Uncle Vili knew how to convey that intangible though unmistakable feeling that he had lineage — a provenance so ancient and so distinguished that it transcended such petty distinctions as birthplace, nationality, or religion. And with the suggestion of lineage came the suggestion of wealth — if always with the vague hint that this wealth was inconveniently tied up elsewhere, in land, for example, foreign land, something no one in the family ever had much of except when it came in clay flowerpots. But lineage earned him credit. And this is what mattered to him most, for this was how he and all the men in the family made, borrowed, lost, and married into fortunes: on credit.
Lineage came naturally to Vili, not because he had it, nor because he mimicked it, nor even because he aspired to it with the leisured polish of lapsed aristocrats. In his case, it was simply the conviction that he was born better . He had the imposing bearing of the wealthy, the reluctant smile that immediately sweetens in the company of equals. He was patrician in thrift, politics, and debauchery, intolerant of poor posture more than of bad taste, of bad taste more than of cruelty, and of bad table manners more than of bad eating habits. Above all, he detested what he called the “atavisms” by which Jews gave themselves away, especially when impersonating goyim . He derided all in-laws and acquaintances who looked typically Jewish, not because he did not look so himself, or because he hated Jews, but because he knew how much others did. It’s because of Jews like them that they hate Jews like us . When snubbed by an observant Jew proud of his heritage, Vili’s answer trickled down his tongue like a pit he had been twiddling about his mouth for forty years: “Proud of what? Are we or aren’t we all peddlers in the end?”
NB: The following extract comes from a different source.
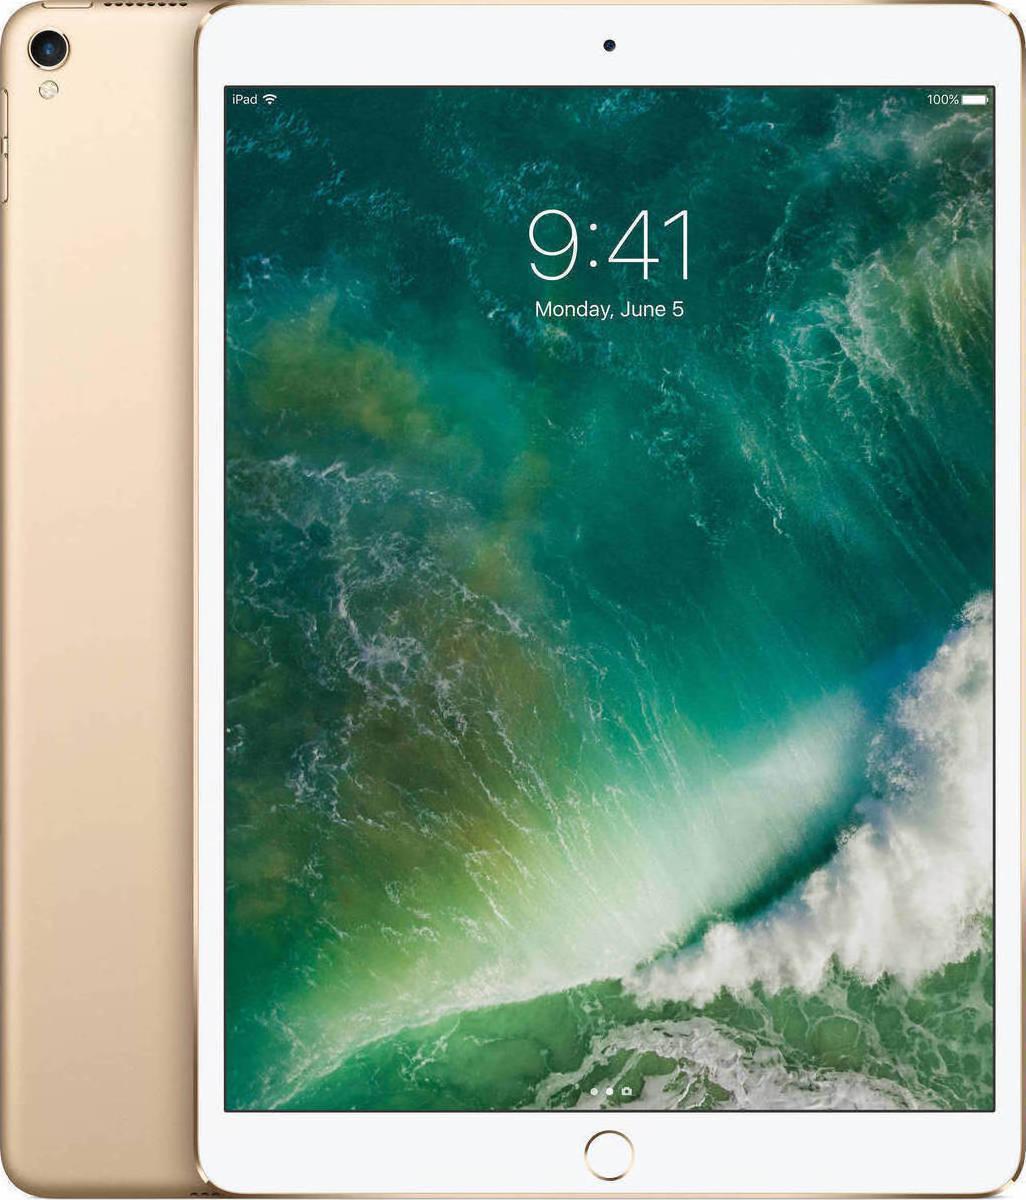 Apple iPad Pro 12.9'' 2017 WiFi and Cellular 512GB Gold Με Αντάπτορα Πληρωμή έως 24 δόσεις

And peddle is what he knew and did best. He even peddled fascism to the British in Egypt and, later, on behalf of the Italians, in Europe as well. He was as devoted to Il Duce as he was to the Pope. His annual addresses to the Hitler Youth in Germany were highly applauded and became a notorious source of strife within the family. “Don’t meddle, I know what I’m doing,” he would say. Years later, when the British began threatening to round up all adult Italian males living in Alexandria, Uncle Vili suddenly rummaged through his closets and began hawking old certificates from the rabbinate of Constantinople to remind his friends at the British Consulate that, as an Italian Jew, he couldn’t possibly be considered a threat to British interests. Would they like him to spy on the Italians? The British could not have asked for better.
He performed so brilliantly that after the war he was rewarded with a Georgian estate in Surrey, where he lived in lordly penury for the remainder of his days under the assumed name of Dr.